Après avoir été le gagnant du premier tour LINK de l’IMC en Afrique de l'Est, pour le plus grand plaisir des agriculteurs rwandais et des acheteurs internationaux de café, une équipe de chercheurs des trois continents a développé et commencé à mettre en œuvre une stratégie intégrée pour trouver une solution à ce mystérieux défaut de goût que l'on constate quelquefois dans le café de spécialité du Rwanda.
Si l'on regarde de plus près les efforts de l'équipe de Daniel, il n'y a pas plus de 17 institutions nationales, internationales, privées, publiques, et appartenant aux agriculteurs - unies dans leurs efforts. L'objectif de cette équipe est de débarrasser le café spécialité, de renommée mondiale du Rwanda de ce défaut de goût.
S'engager pour le problème de pomme de terre
Sous les auspices de l’IMC pendant plus d'un an, une série de formations a aidé les étudiants, la faculté et les partenaires importants au Rwanda à apprendre de nouveaux moyens de préciser le contexte du partenariat et à trouver les ressources nécessaires pour résoudre leur problème.

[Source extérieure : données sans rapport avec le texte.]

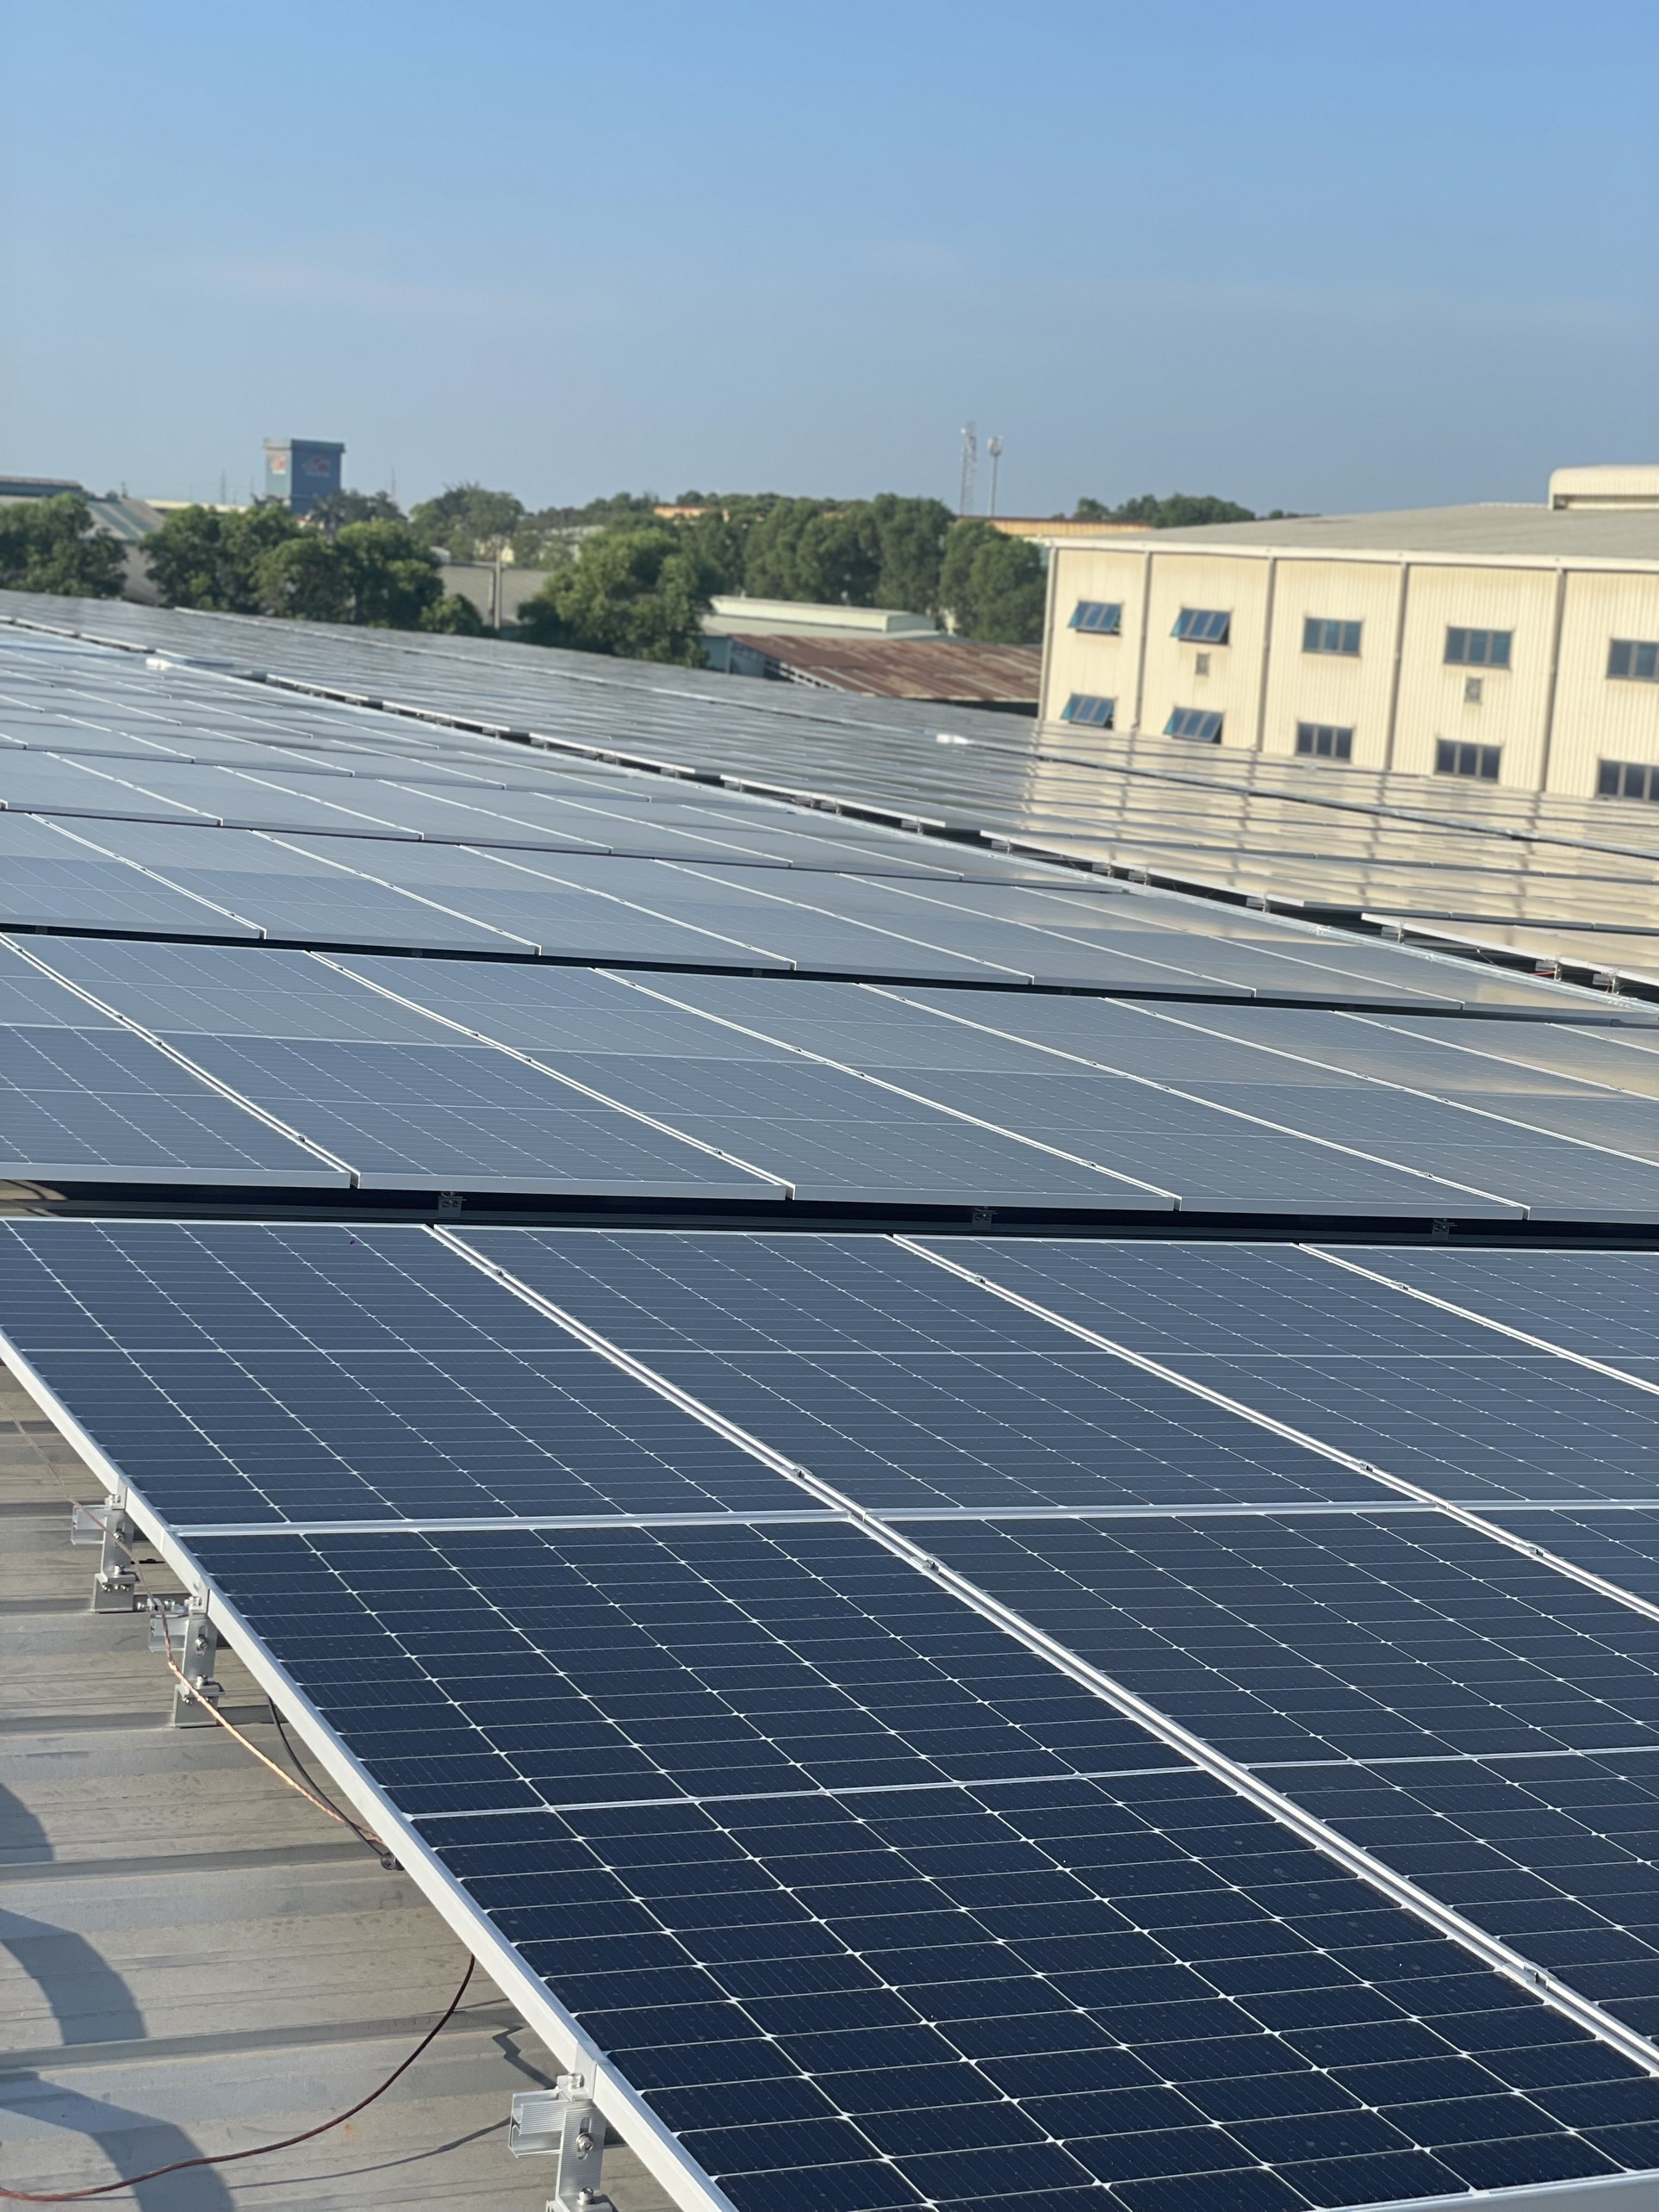 Nhiều doanh nghiệp đã đầu điện mặt trời trên các mái nhà để tiết kiệm năng lượng. Ảnh: Khắc Kiên

Plus récemment, en janvier 2012, les partenaires ont participé à un programme de deux semaines visant à développer une stratégie multiple pour résoudre le défaut du goût pomme de terre. La stratégie implique trois actions liées : déterminer la cause du défaut « goût pomme de terre », comprendre la relation entre les conditions écologiques et le défaut, et renforcer les capacités du Rwanda pour résoudre ce problème.
Juste un mois après l'élaboration de la stratégie, des actions collectives sont en cours. Des échantillons de punaises ont été expédiés à des laboratoires aux États-Unis pour analyse. L'agence de la recherche agricole de la France, le CIRAD travaille pour déterminer la chimie exacte du goût de pomme de terre et une équipe de chercheurs du NUR pilotent les schémas écologiques utilisant le dispositif de surveillance des conditions météorologiques offert par les partenaires américains.
Au cœur de ce réseau axé sur les objectifs on trouve une équipe internationale composée des solutionneurs les plus talentueux et les plus engagés du monde, très au courant du problème du café. Après avoir été identifiés par l’IMC et surpris par l'urgence de ce défi, le Dr. Christian Cilas, de France, chef de l'unité de contrôle, d'analyse des risques, des nuisibles et des maladies au CIRAD, et le Dr Thomas Miller, entomologiste américain de l'université de Californie Riverside, ont accepté d'appliquer leurs compétences au problème du développement, redonnant un souffle aux travaux du groupe NUR.
Trois experts en innovation collaborative de l’IMC ont réuni ces scientifiques avec une section transversale variée de la communauté du développement pour organiser une approche collective en réponse au problème du goût de la pomme de terre.
« Nous pouvons gérer les problèmes les plus durs du monde »
Des preuves montrent la valeur de ces coopérations internationales comme LINK. Mu par la croyance que le processus n'arrive pas toujours à apprendre comment résoudre les problèmes, LINK insiste sur le « comment » par rapport au « quoi ».”
En renforçant les chercheurs, les entrepreneurs et les décideurs avec un ensemble de compétences en faveur de l'innovation collaborative, nous pensons que nous pouvons radicalement accélérer la fourniture de solutions. Grâce à nos travaux pour encourager, optimiser et soutenir les réseaux de la connaissance, les chercheurs africains et les innovateurs africains peuvent rejoindre le groupe mondial des challengers et des solutionneurs unis pour résoudre les problèmes les plus durs du monde.